▸ **EXERCISE AIM**: For this task, output exactly the lines of the material below starting at the line with "A Pinterest Pin" and ending at the line with "Udderly Smooth Lightly"; pictures are to be excluded.

▸ **GIVEN ENTRIES**:
◆ ◆ ◆

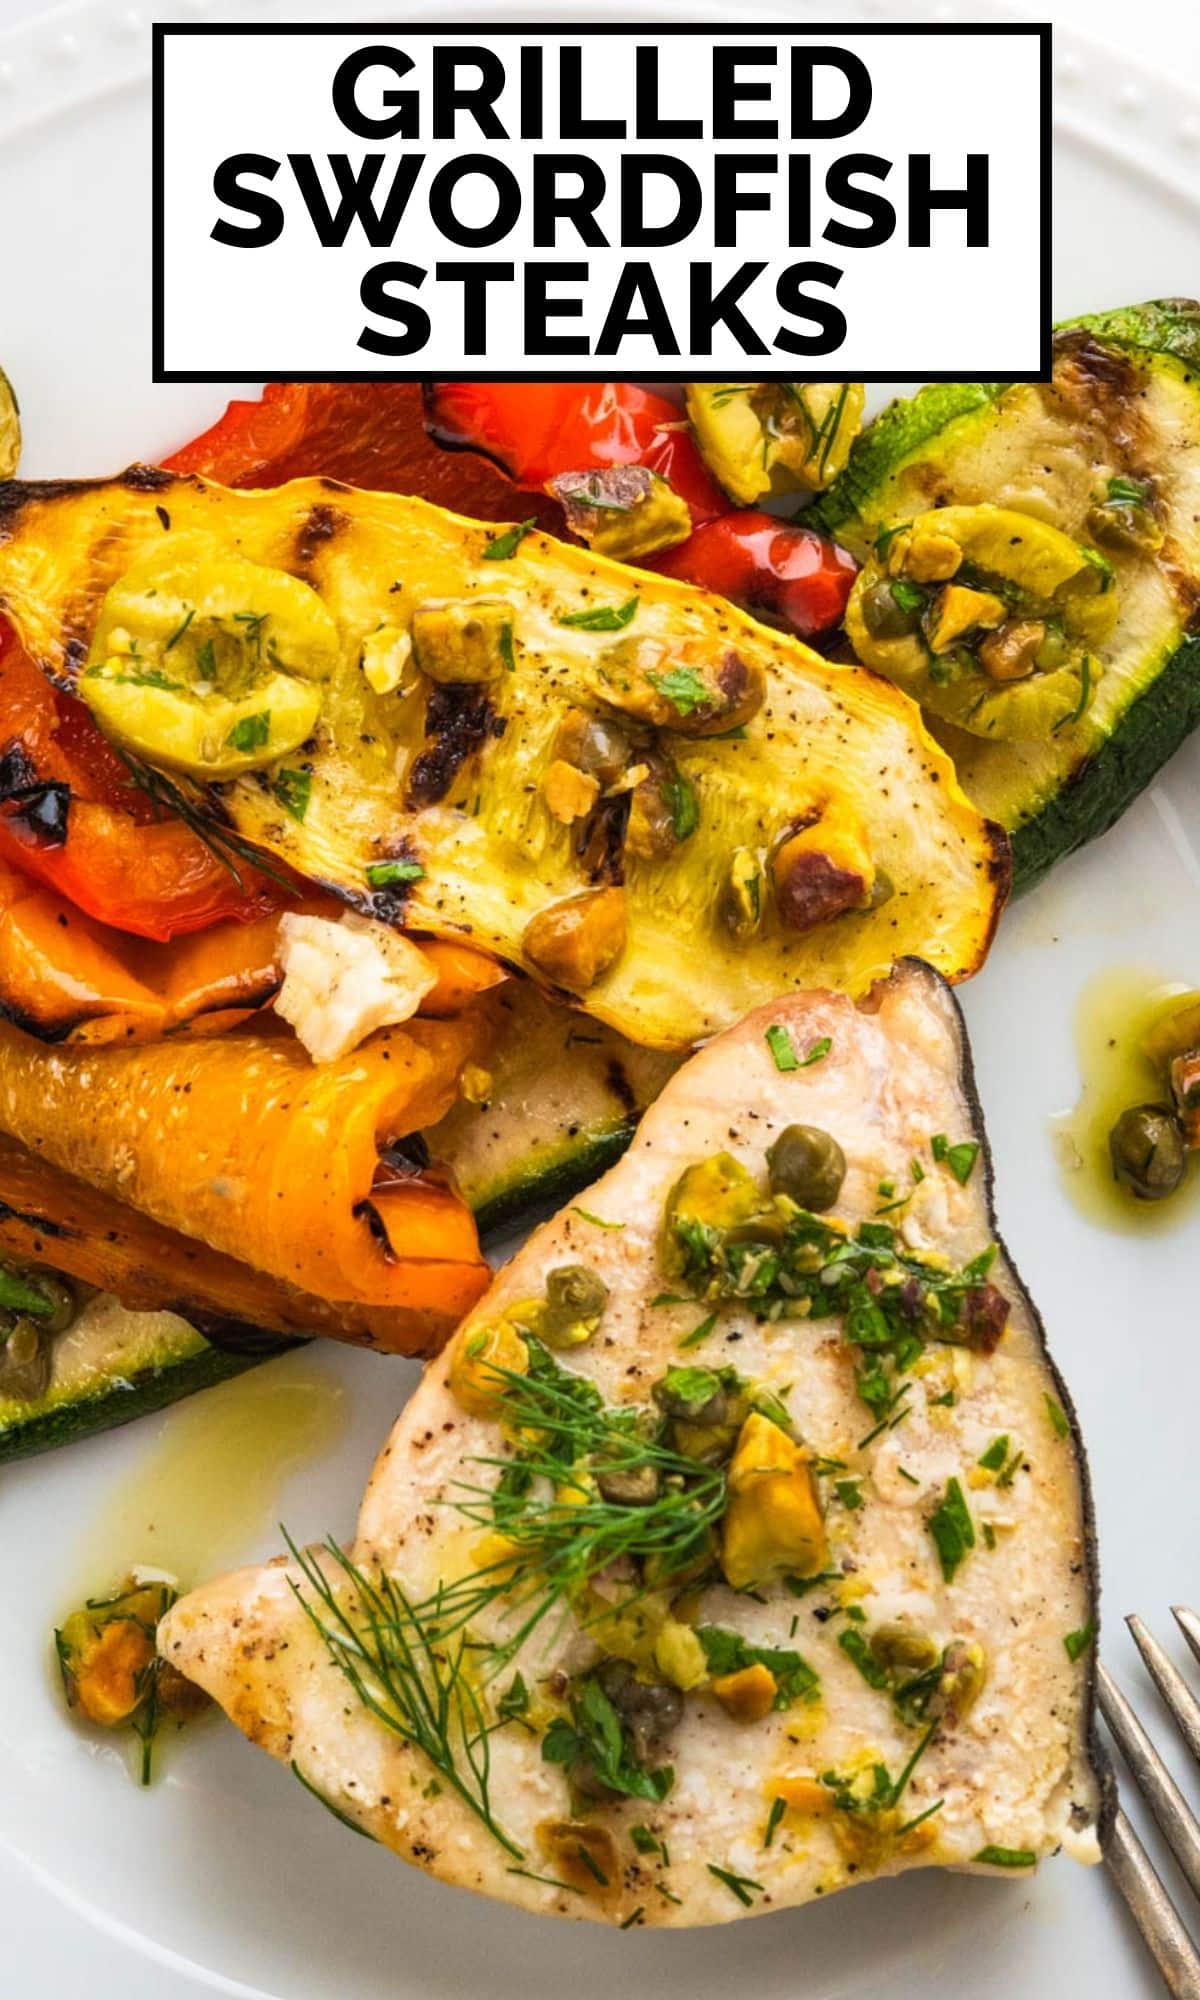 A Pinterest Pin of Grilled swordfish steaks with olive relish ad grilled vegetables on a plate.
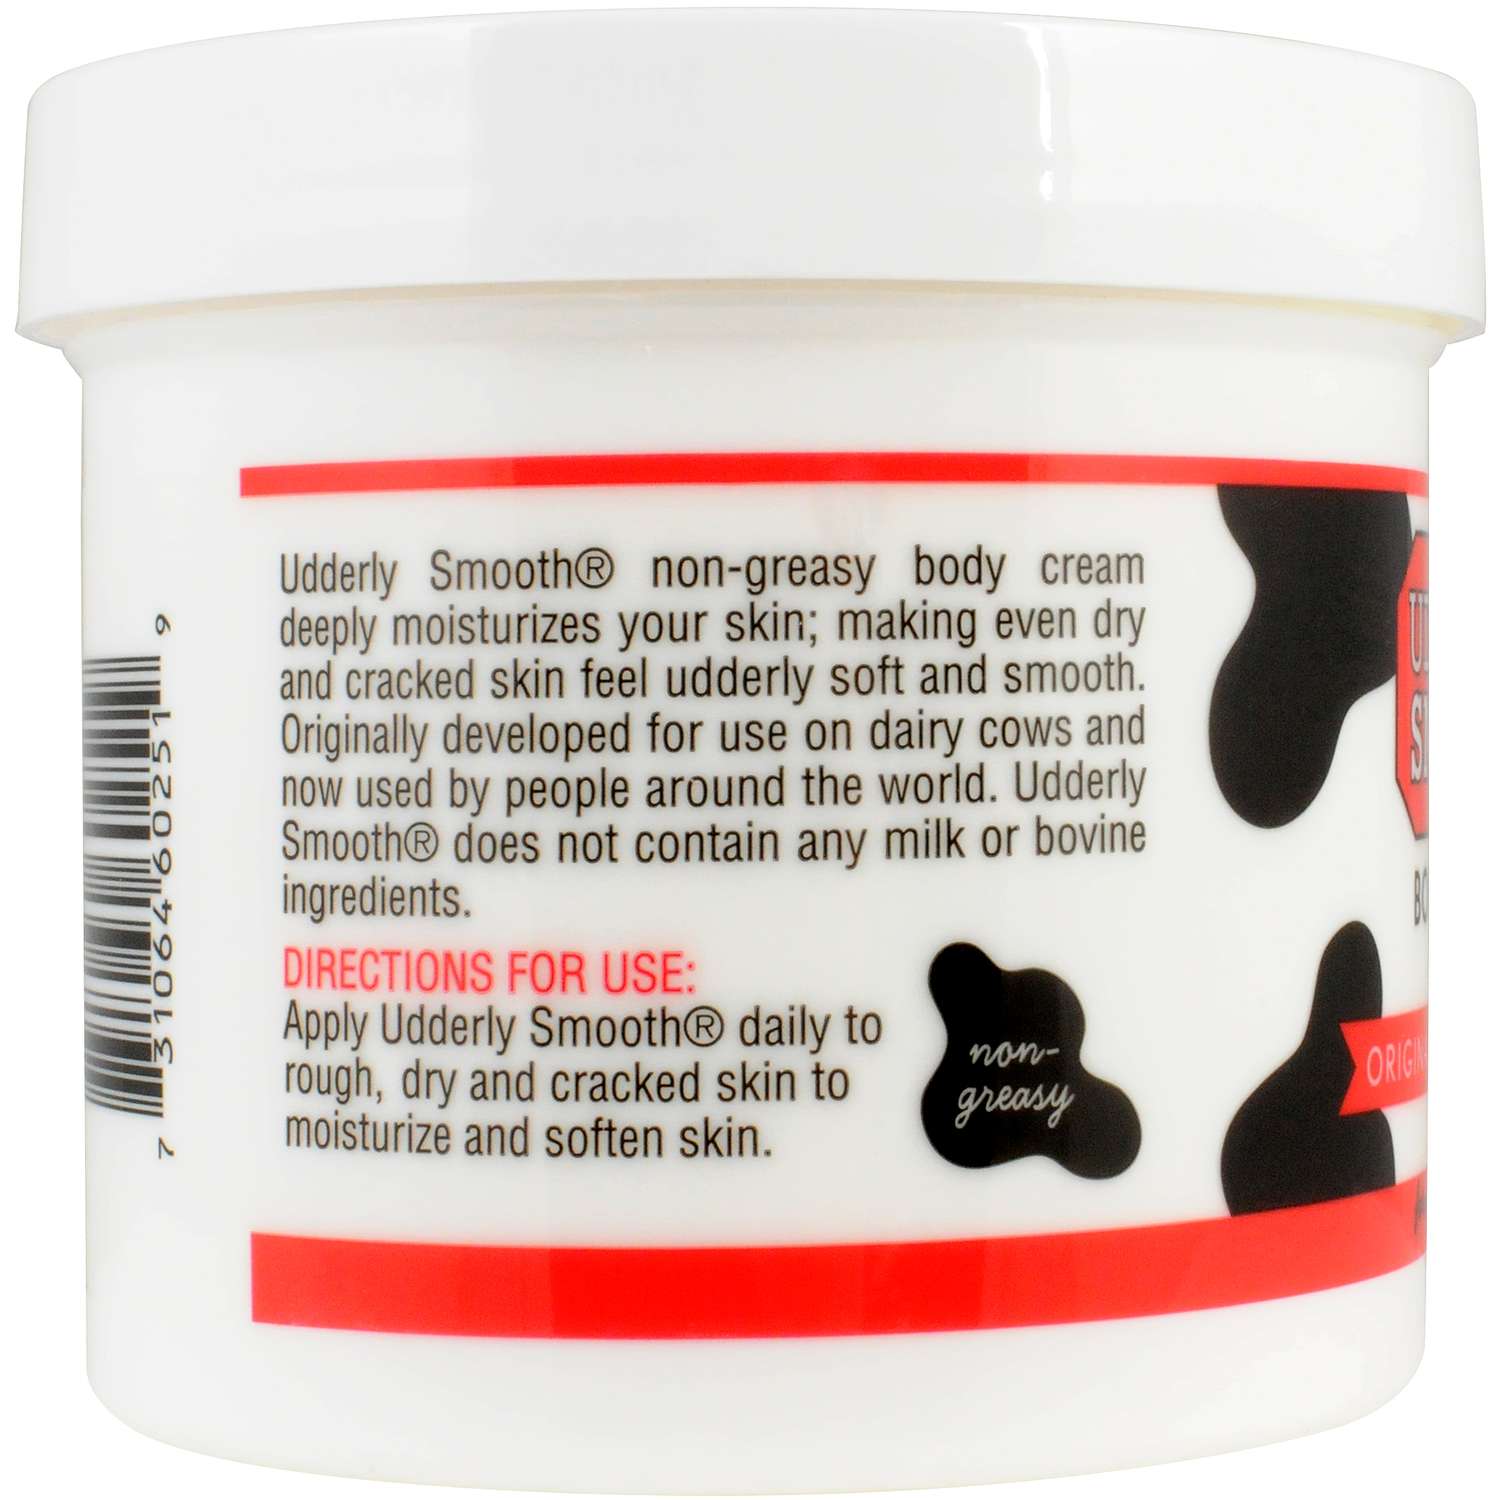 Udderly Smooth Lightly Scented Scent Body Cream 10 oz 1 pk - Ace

◆ ◆ ◆

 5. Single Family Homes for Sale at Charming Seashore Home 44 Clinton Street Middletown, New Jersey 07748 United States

◆ ◆ ◆

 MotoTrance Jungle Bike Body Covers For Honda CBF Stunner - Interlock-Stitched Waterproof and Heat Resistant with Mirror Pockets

◆ ◆ ◆

▸ **TASK SOLUTION**:
 A Pinterest Pin of Grilled swordfish steaks with olive relish ad grilled vegetables on a plate.
 Udderly Smooth Lightly Scented Scent Body Cream 10 oz 1 pk - Ace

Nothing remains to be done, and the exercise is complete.